[INSTRUCTIONS FOR THE TASK] What is needed is an exact repeat of the lines from the one holding "Mieke van Stuyvenberg, Bert" through the final line of the data, with no pictures.

[RAW DATA]
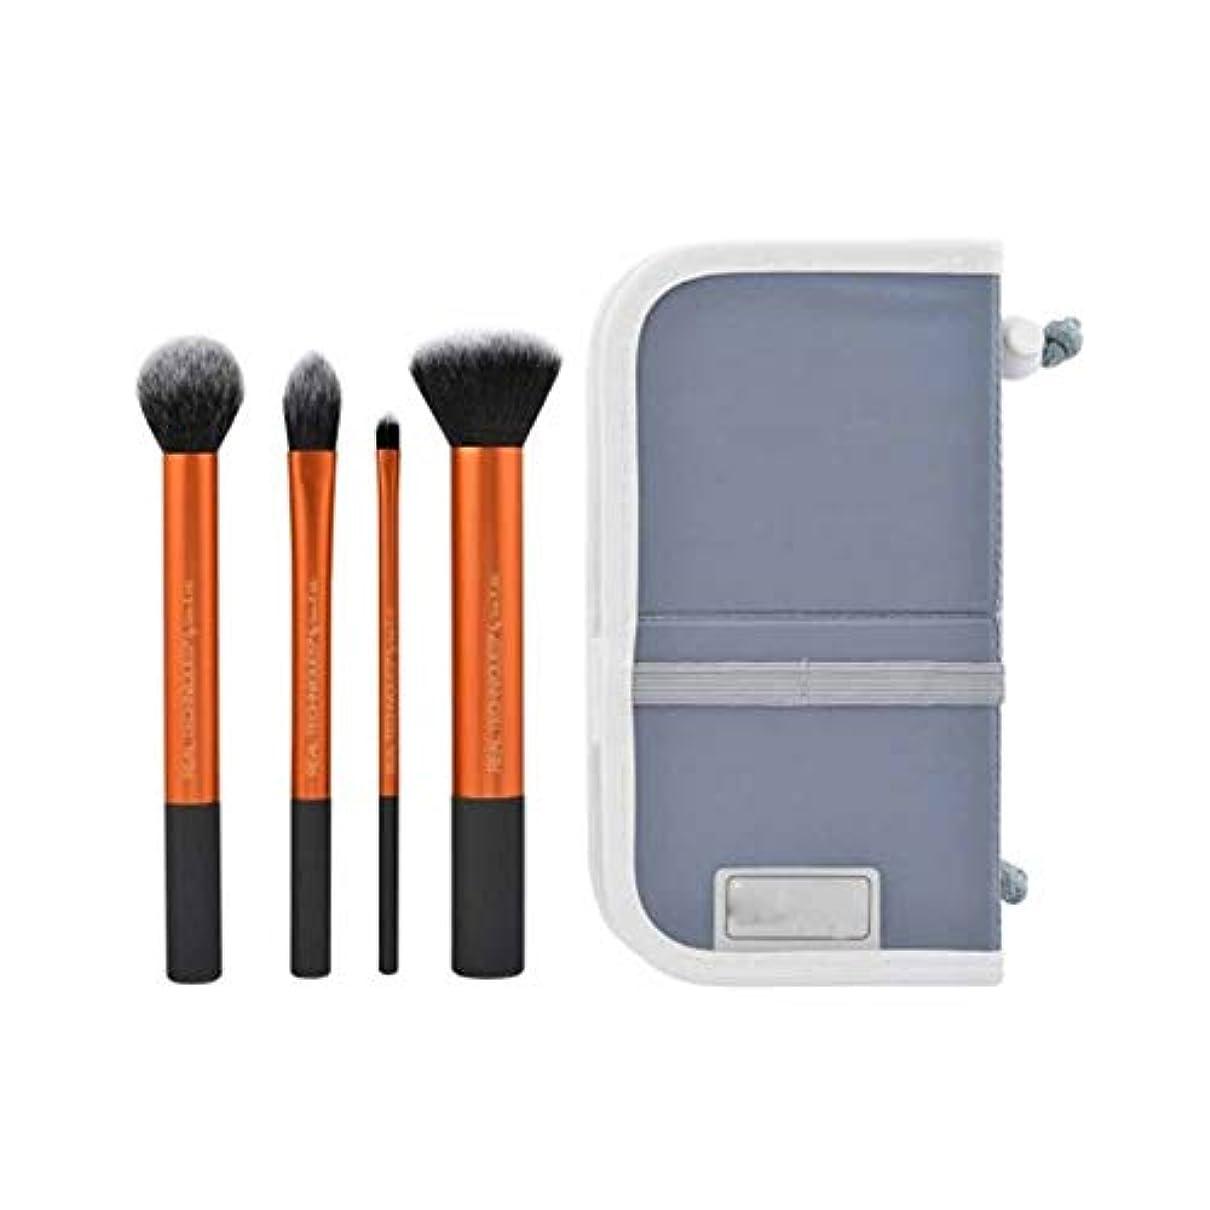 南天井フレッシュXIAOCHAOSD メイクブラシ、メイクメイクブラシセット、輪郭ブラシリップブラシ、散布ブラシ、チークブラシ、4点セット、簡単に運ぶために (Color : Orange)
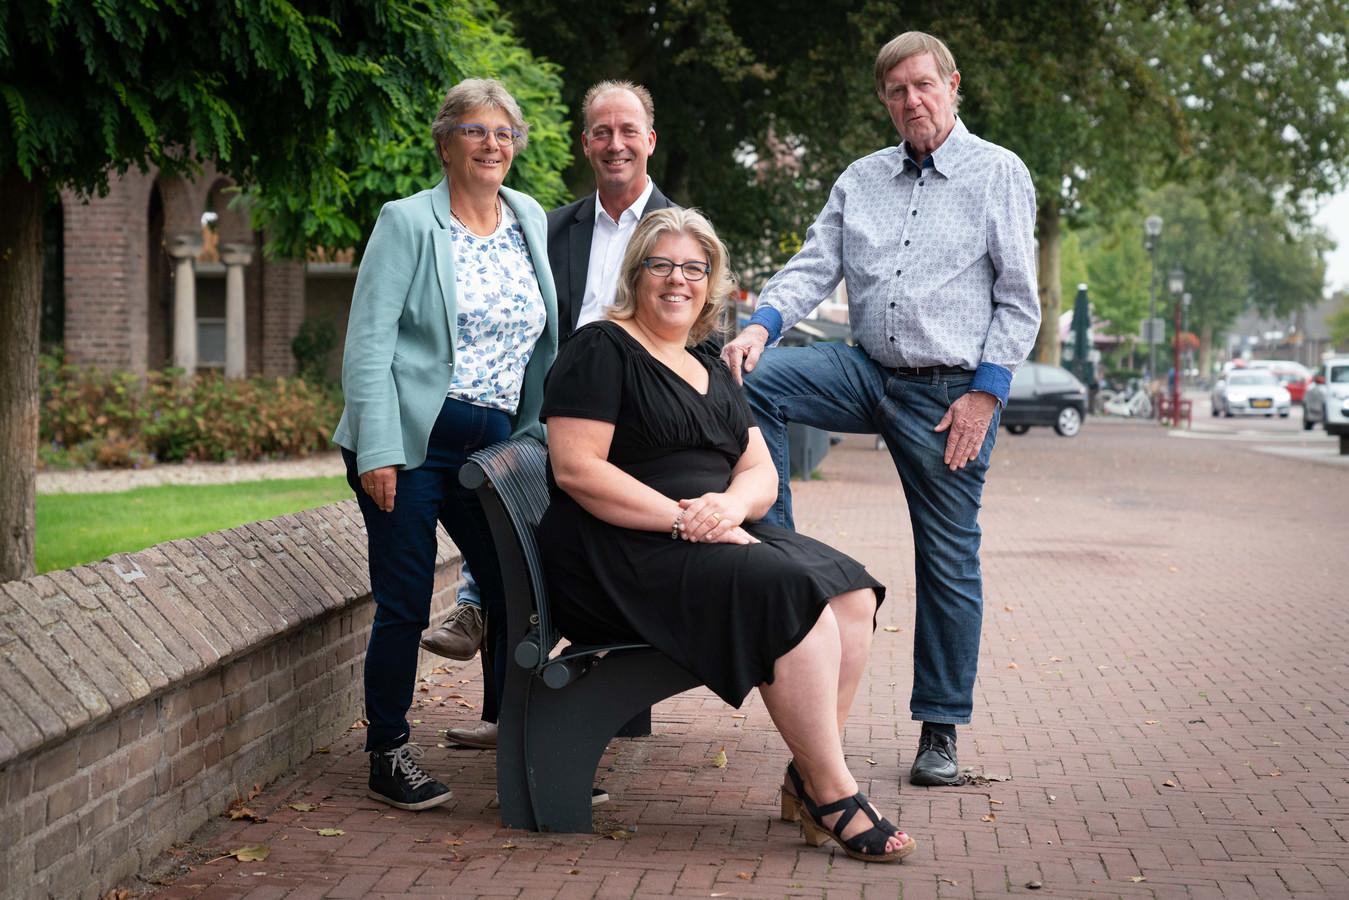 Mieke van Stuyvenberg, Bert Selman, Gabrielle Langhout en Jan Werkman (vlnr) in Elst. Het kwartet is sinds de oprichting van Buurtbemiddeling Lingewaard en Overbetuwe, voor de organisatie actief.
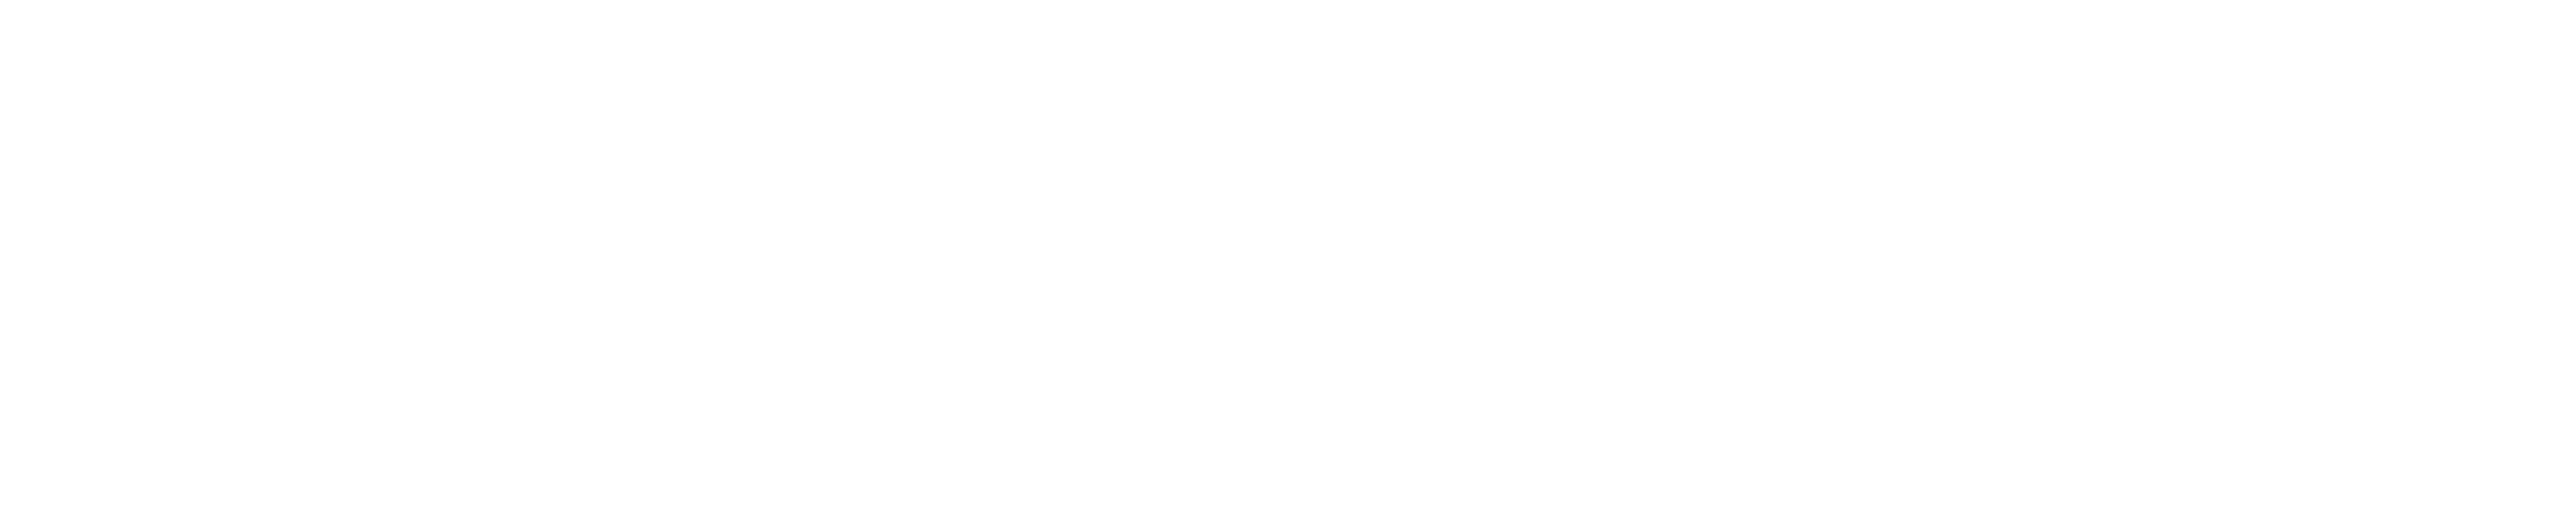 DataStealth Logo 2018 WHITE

[REPLY]
 Mieke van Stuyvenberg, Bert Selman, Gabrielle Langhout en Jan Werkman (vlnr) in Elst. Het kwartet is sinds de oprichting van Buurtbemiddeling Lingewaard en Overbetuwe, voor de organisatie actief.
 DataStealth Logo 2018 WHITE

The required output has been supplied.